[Task prompt]
Drop the pictures, then extract the listing word for word.

[Source data]
=-=-=
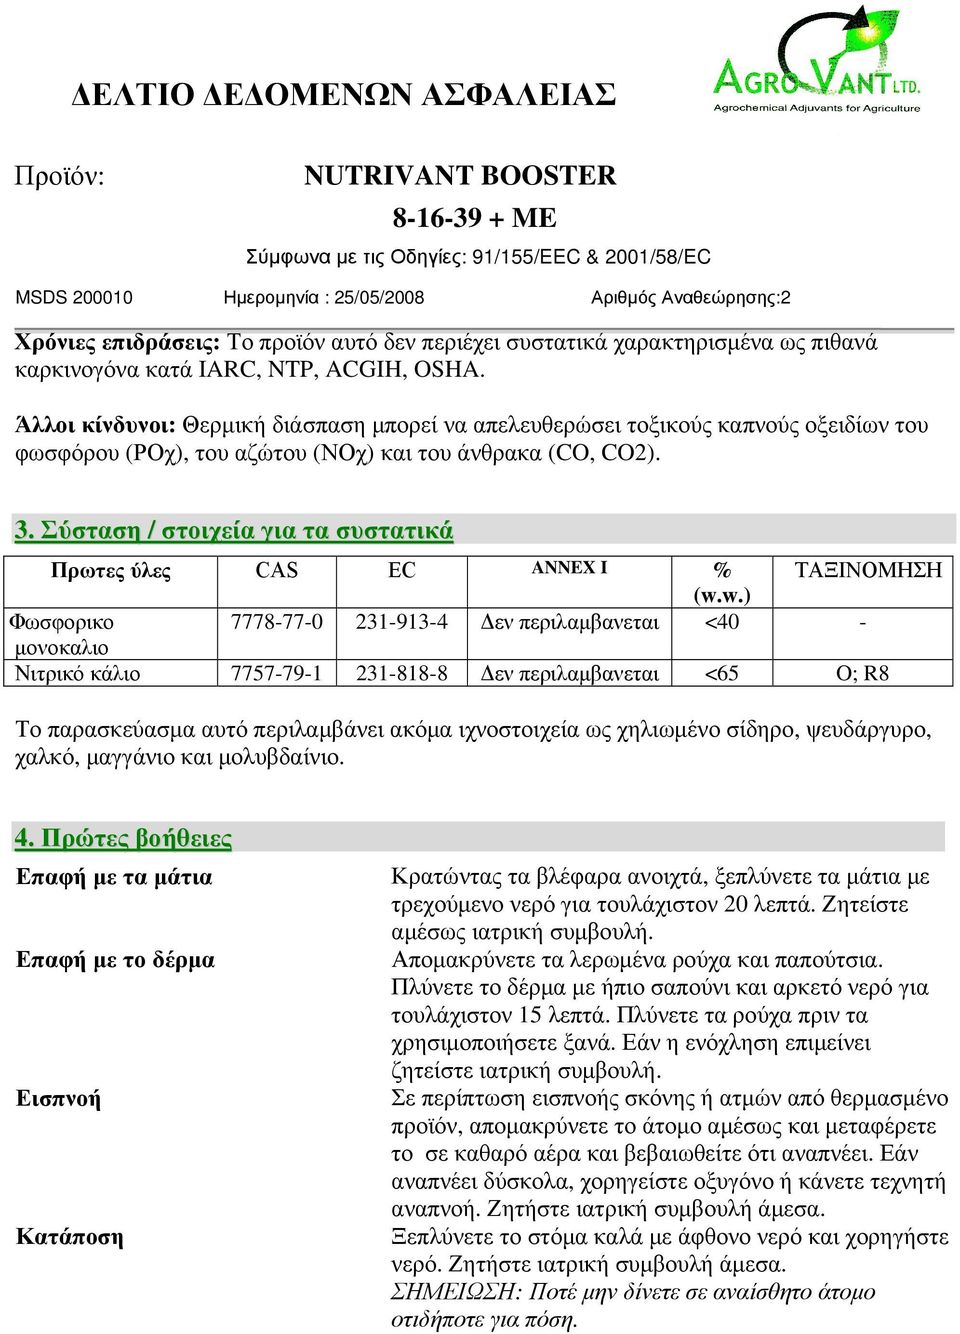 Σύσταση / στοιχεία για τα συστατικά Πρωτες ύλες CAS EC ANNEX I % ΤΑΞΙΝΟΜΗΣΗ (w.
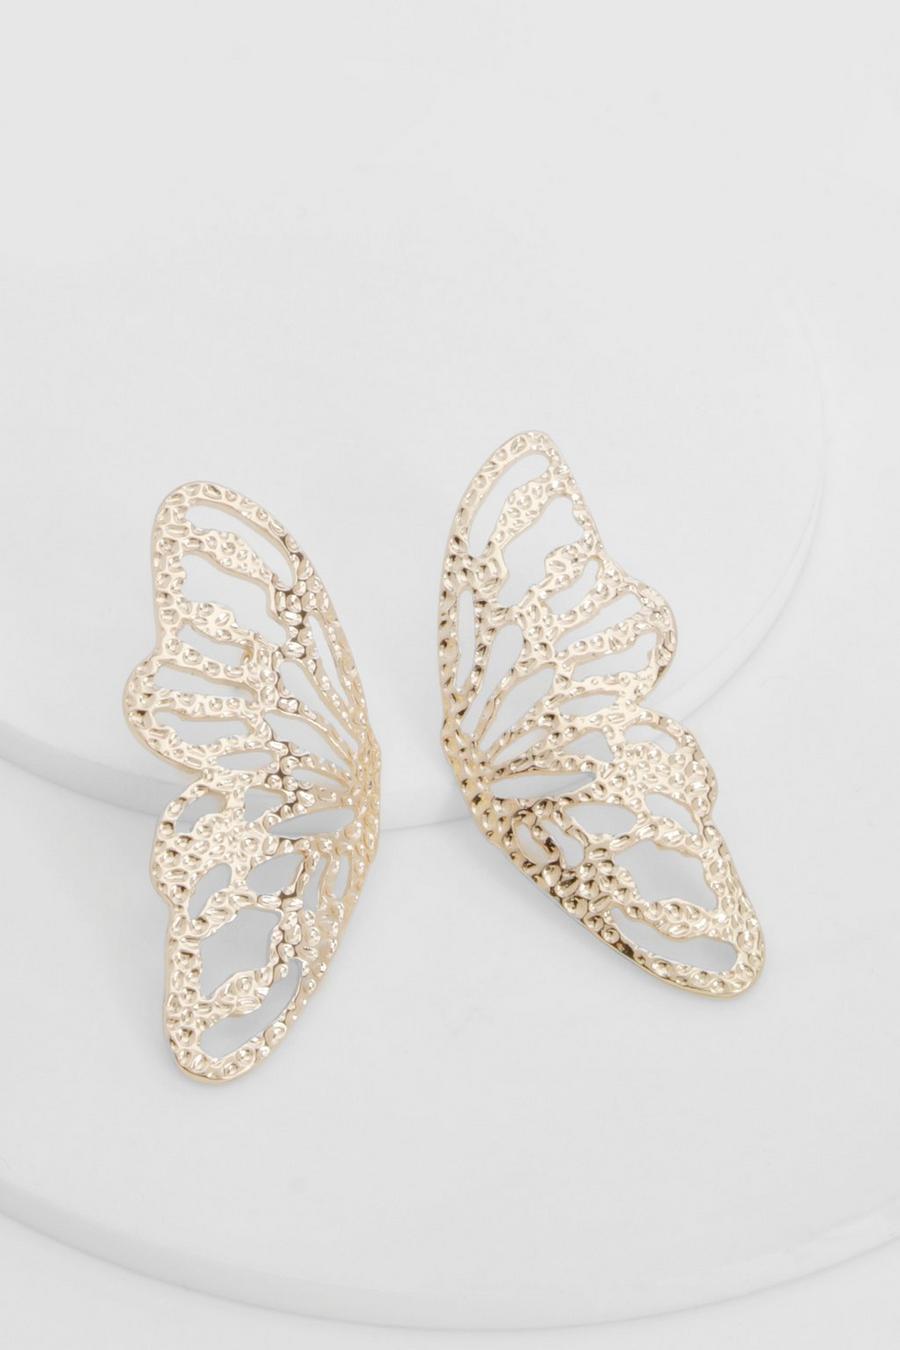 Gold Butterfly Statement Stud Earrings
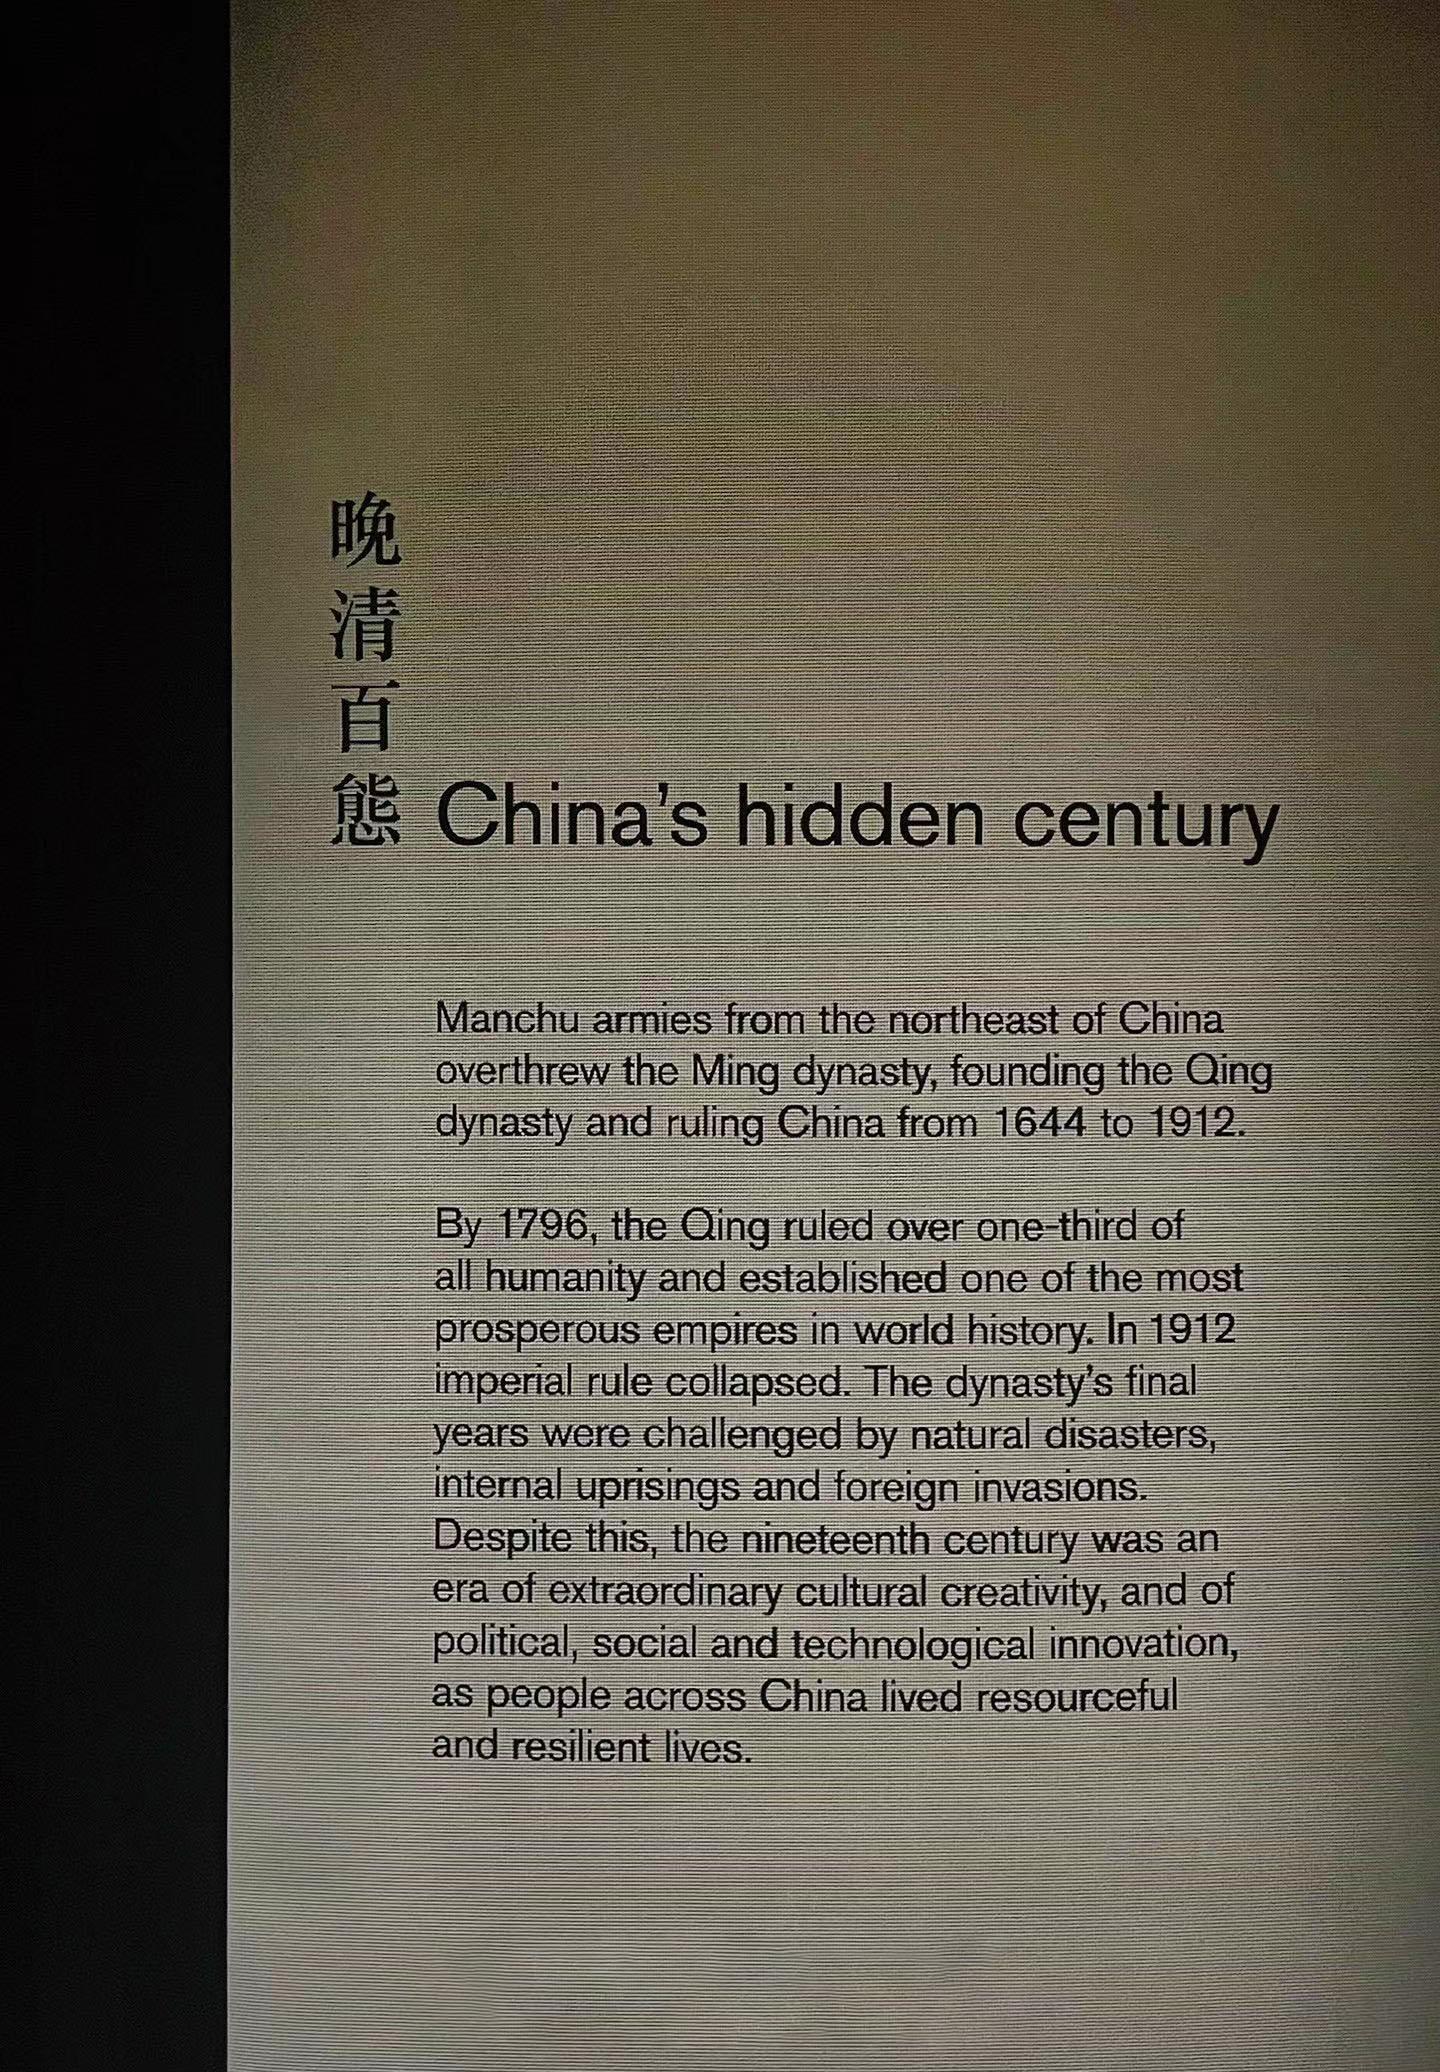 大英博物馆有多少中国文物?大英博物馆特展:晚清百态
=-=-=
[Solution for this exercise]
 Σύσταση / στοιχεία για τα συστατικά Πρωτες ύλες CAS EC ANNEX I % ΤΑΞΙΝΟΜΗΣΗ (w.
 Gold Butterfly Statement Stud Earrings
 大英博物馆有多少中国文物?大英博物馆特展:晚清百态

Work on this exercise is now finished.